The foregoing examples of the related art and limitations related therewith are intended to be illustrative and not exclusive. Other limitations of the related art will become apparent upon a reading of the specification and a study of the drawings.
a)-(f) show examples of images with various inherent properties.
a)-(c) depict a pixel selection grid used for identifying a centroid in a color space.

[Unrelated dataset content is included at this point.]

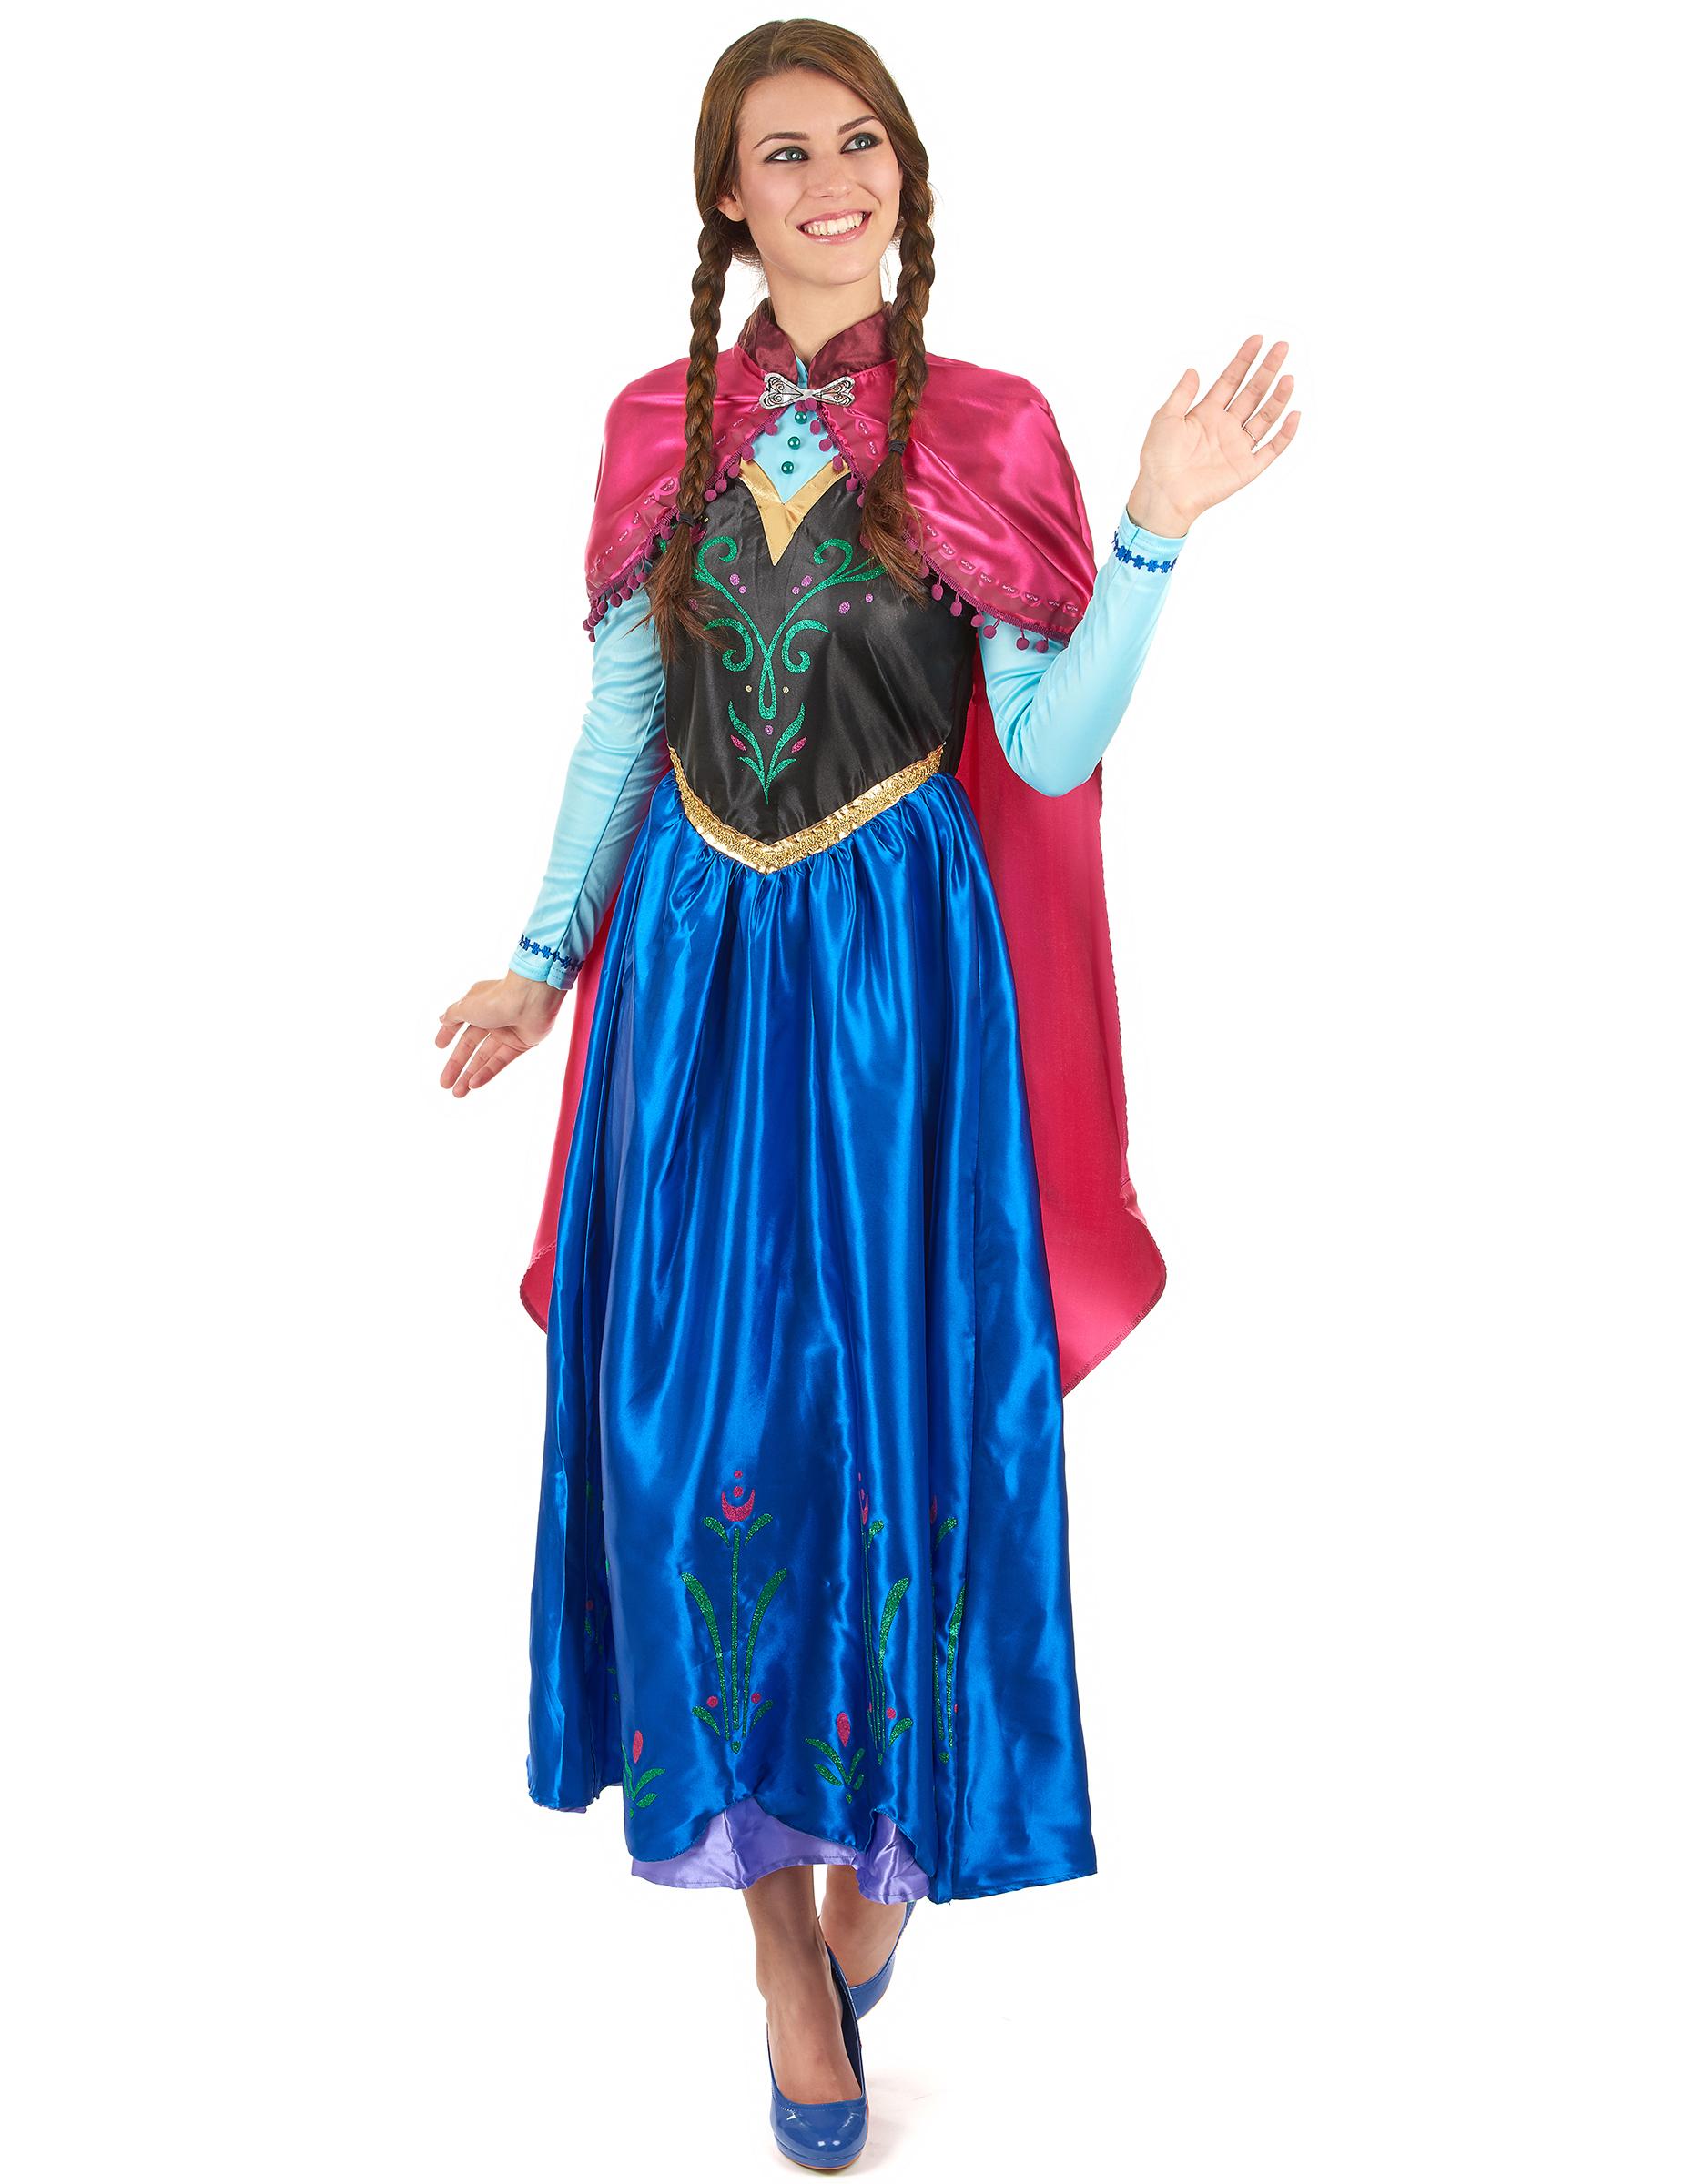 08513cf7a6f199 Costume Anna di Frozen™ per donna: Costumi adulti,e vestiti di ...

a)-(c) show examples of distributions of pixels to clusters.
a)-(b) depict examples of images used for user-specific content-feeling associations.
The approach is illustrated by way of example and not by way of limitation in the figures of the accompanying drawings in which like references indicate similar elements. It should be noted that references to “an” or “one” or “some” embodiment(s) in this disclosure are not necessarily to the same embodiment, and such references mean at least one.
A new approach is proposed that contemplates systems and methods to identify, select, and present psychoactive content to a user in order to achieve a desired psychotherapeutic effect or purpose on the user. More specifically, content items in a content library are tagged and categorized under various psychoactive properties. In addition, image-feeling associations are assessed on a per user basis to determine what types of content items induce what types of feelings/reactions from the specific user. A script of content (also known as a user experience, referred to hereinafter as “content”) comprising one or more content items can then be presented to the user based on its ability to induce a desired shift in the emotional state of the user. With the in-depth knowledge and understanding of the psychoactive properties of the content and the possible emotional reactions of a user to such content, an online vendor is capable of identifying and presenting the “right kind” of content to the user that specifically addresses his/her emotional needs at the time, and thus provides the user with a unique emotional experience that distinguishes it from his/her experiences with other types of content.
A content referred to herein can include one or more content items, each of which can be individually identified, retrieved, composed, and presented to the user online as part of the user's multimedia experience (MME). Here, each content item can be, but is not limited to, a media type of a (displayed or spoken) text (for a non-limiting example, an article, a quote, a personal story, or a book passage), a (still or moving) image, a video clip, an audio clip (for a non-limiting example, a piece of music or sounds from nature), and other types of content items from which a user can learn information or be emotionally impacted. Here, each item of the content can either be provided by another party or created or uploaded by the user him/herself.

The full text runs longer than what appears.